<…> все было легче соломы и теряло себя. Эгейское море, ветер, песня, соленые паруса. Ультрамарин аллей, закапанных слезами шиитов. И типографии Дубровника, неужели? Да, и они. Свечи субботы в фортах баухауза Палестины. Хануккальные звери хасидских подсвечников Умани, так ведь? Венецианские альды с якорем и дельфином [Гольдштейн 2004: 27].
Эстетическое чутье и интуиция автора вынуждают дискурс проговариваться о том, что империя есть искусство и искусство есть империя, несмотря на его политические убеждения и философские амбиции, которые навязывают его мысли модные готовые схемы сглаженного постмодернистской иронией постимпериализма.
Между приверженностью этнической нации и восхищением политической империей находится территория подлинной империи – той, власть которой рассказчик признает безоговорочно: это империя красоты, воплощенная в искусстве. В отличие от первой, она не лишает ее приверженцев свободы, и, в отличие от второй, она не столь временна и произвольна. Красота – это идеальная, свободная и вечная империя без случайных границ и без законов необходимости, контингентная и в силу этого реально бытийствующая по ту сторону конечности, говоря словами Мейясу [Мейясу 2015]. Отсюда столь сложное отношение к нации. С одной стороны, «нет слова мощнее, чем нация <…>, о нация, нация, все мое от тебя, я капля из дождевой твоей тучи» [Гольдштейн 2004: 20–21], а с другой – «лишенцы предоставлены пестовать в себе нацию» [Гольдштейн 2004: 28]. Самоопределение «лишенец» хорошо согласуется как с виктимной парадигмой, довлеющей в романе, в которой разворачивается мрачное соревнование между евреями и армянами за роль ультимативной жертвы, так и с поэтикой «нехваток» и потерь, последовательно и сознательно применяемой автором. Но в то же время из всех этих нехваток складывается некая новая полнота, по самой своей сути неуловимая, но охватывающая все, чего она касается: эстетическая полнота империи. Если литература, в отличие от «художественной традиции», культивирует «признание вины и страдание» [Гольдштейн 2004: 117], то, с другой стороны, «самооговор [есть] предельное произведение искусства», «убийство в сочетании с раскаянием есть высшее деяние творчества» [Гольдштейн 2004: 118].

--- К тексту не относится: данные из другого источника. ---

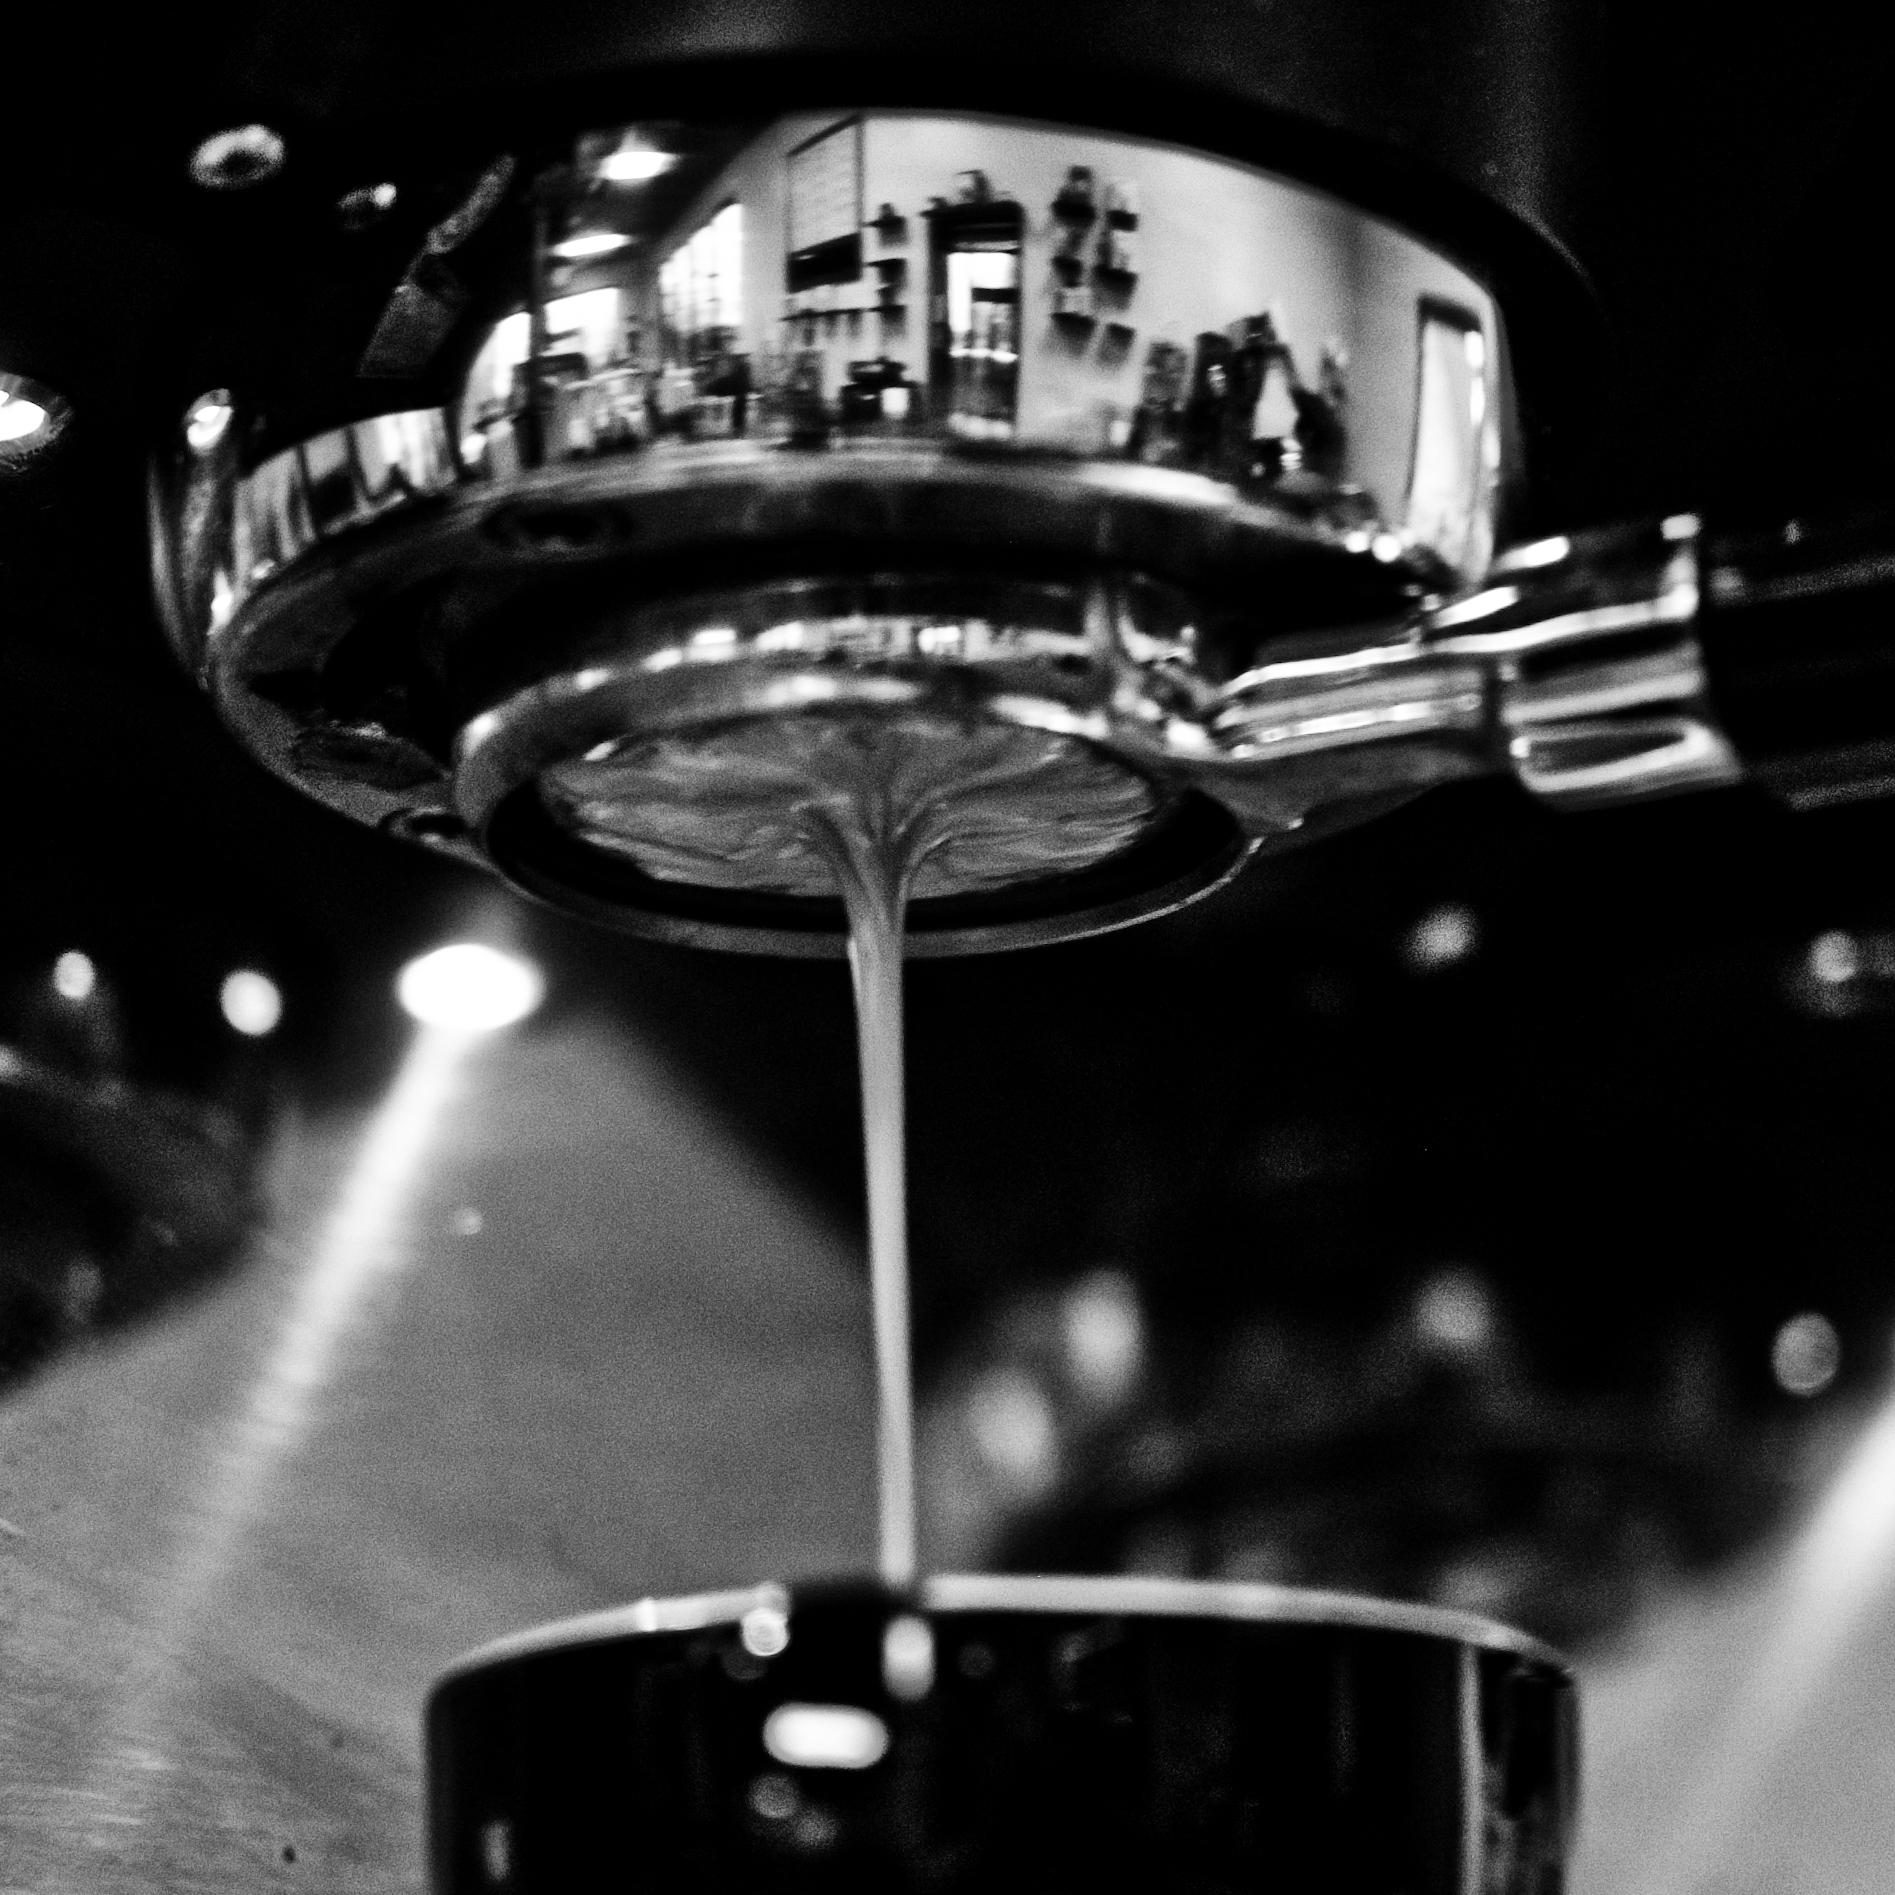 Bottomless portafilter brewing shots of espresso

Воспроизводя и отчасти пародируя декадентское мировоззрение, Гольдштейн превращает его в мифологию, способную существовать уже вне исторического контекста, ее породившего, служащую для него тем языком, на котором он излагает открытое им знание об окружающем его мире. Основу мифологизма в данном случае составляет та чудесная нетрудность, с которой нехватка превращается во всеохватную полноту, а страдание и жертвенность – в красоту. Так, например, забвение может быть компенсировано тем, что Рикёр вслед за А. Бергсоном и Фрейдом называет «работой вспоминания» [Ricoeur 2004: 56], но заполнение пустот бывшего не в силах создать полноту всего, то есть включающего также и не бывшее, и возможное, и даже невозможное. На это способно только творчество, захватывающее, как объект желания, все данное и не-данное, но не с помощью политэкономии нехватки и достатка, забвения и вспоминания, а только чудом ничем не объяснимого прыжка красоты, подобного прыжку веры. Рожденное этим прыжком пространство тотальности и есть империя в мире Гольдштейна.